The new meters will give householders an accurate account of how much power they are using and how much it is costing, which is expected to help encourage reduced energy use and environmental awareness. Instead of being hidden below stairs, smart meters could be a sleek flat screen in a kitchen or living room showing a display of power use in kilowatt-hours, pounds and pence, or even the carbon dioxide produced. The plans to make power firms install them will feature in the Energy White Paper. But industry experts warn that fitting meters could take a decade or more and cost up to 8 billion.

Some suspect that current meter replacement programs by power companies are part of a ploy to avoid them having to fit smart meters for as long as possible.

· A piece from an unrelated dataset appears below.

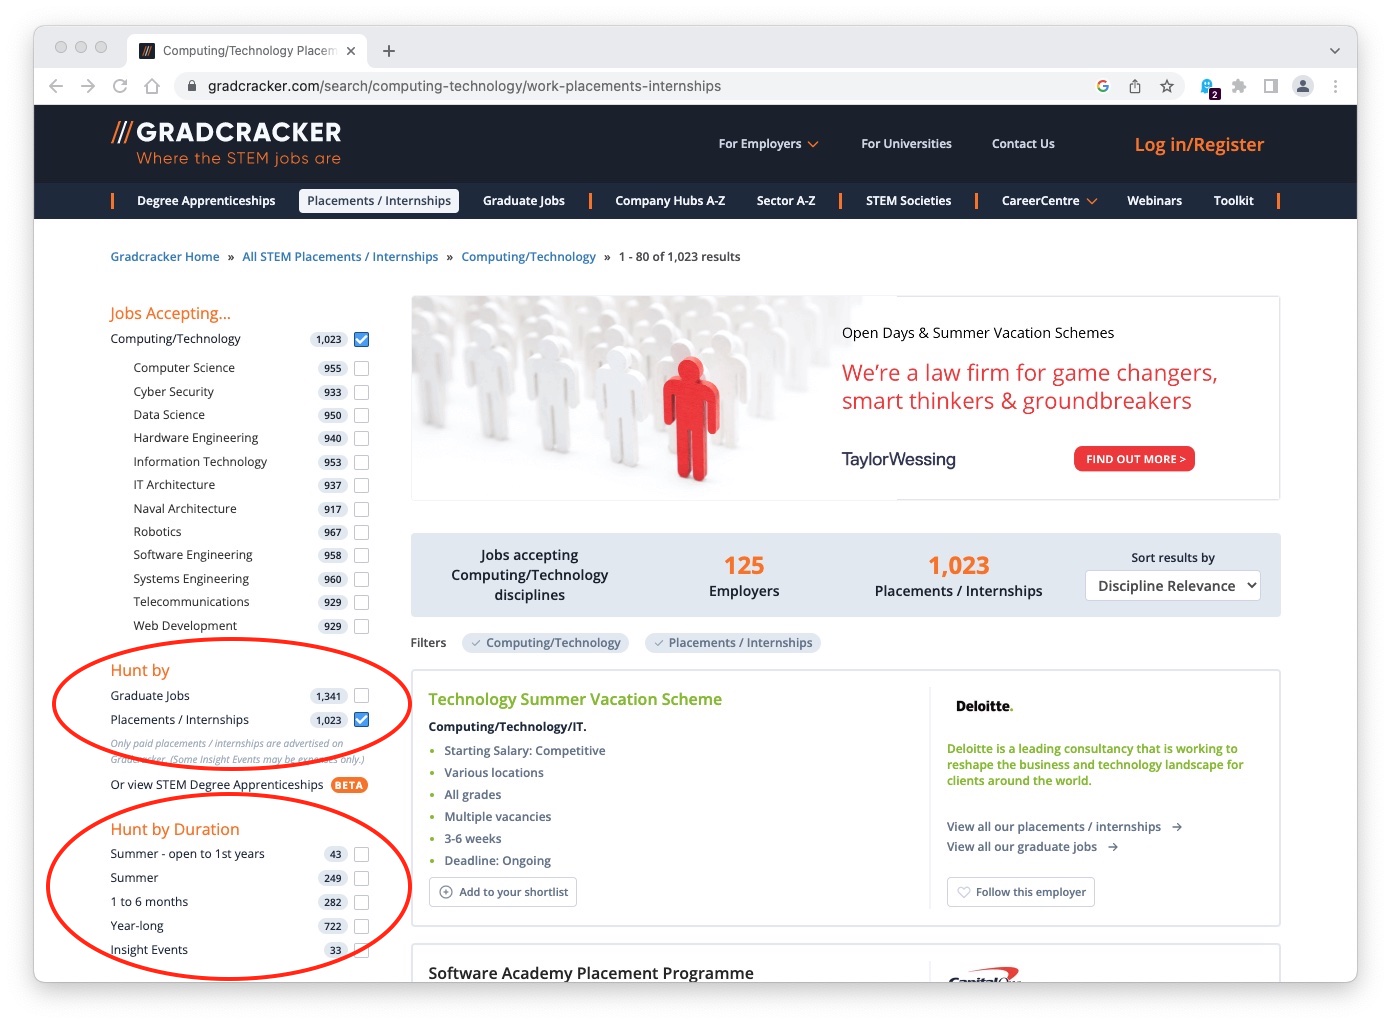 Gradcracker.com allows you to search for opportunities in Computing at gradcracker.com/search/computing-technology/jobs shown here. You can refine your search for internships, placements and graduate jobs (circled in red) by their duration: Summer (including those open to first year students), 1 to 6 months, Year-long and Insight Events described in section 7.3. You may need to zoom in to see the detail in this figure.

Installation costs the companies money and the lower usage they encourage would knock revenue. "Smart meters that show energy use will lead to less usage of energy and give accurate billing information for the first time," said a source at energywatch, the consumer body set up to monitor power firms.

"We suspect that some firms are substituting meters with old-style devices that will not need to be replaced for up to 20 years." Howard Porter, director of the energy division of trade body the British Electrotechnical and Allied Manufacturers" Association, which represents the meter makers, said smart meters could be a huge benefit for consumers.

"It will cost about 100 for the basic first-generation smart meters," he said. The rest of the estimated price will cover installing complex infrastructure to process bills. One meter will cover gas and electricity, but householders will still be able to keep separate suppliers if energy regulators get their way. Porter said he did not believe energy companies were deliberately sabotaging smart meter plans. "There is a rolling replacement program of about 1.5 million a year out of 45 million meters," he said. "We suspect it will take ten years to fit smart meters."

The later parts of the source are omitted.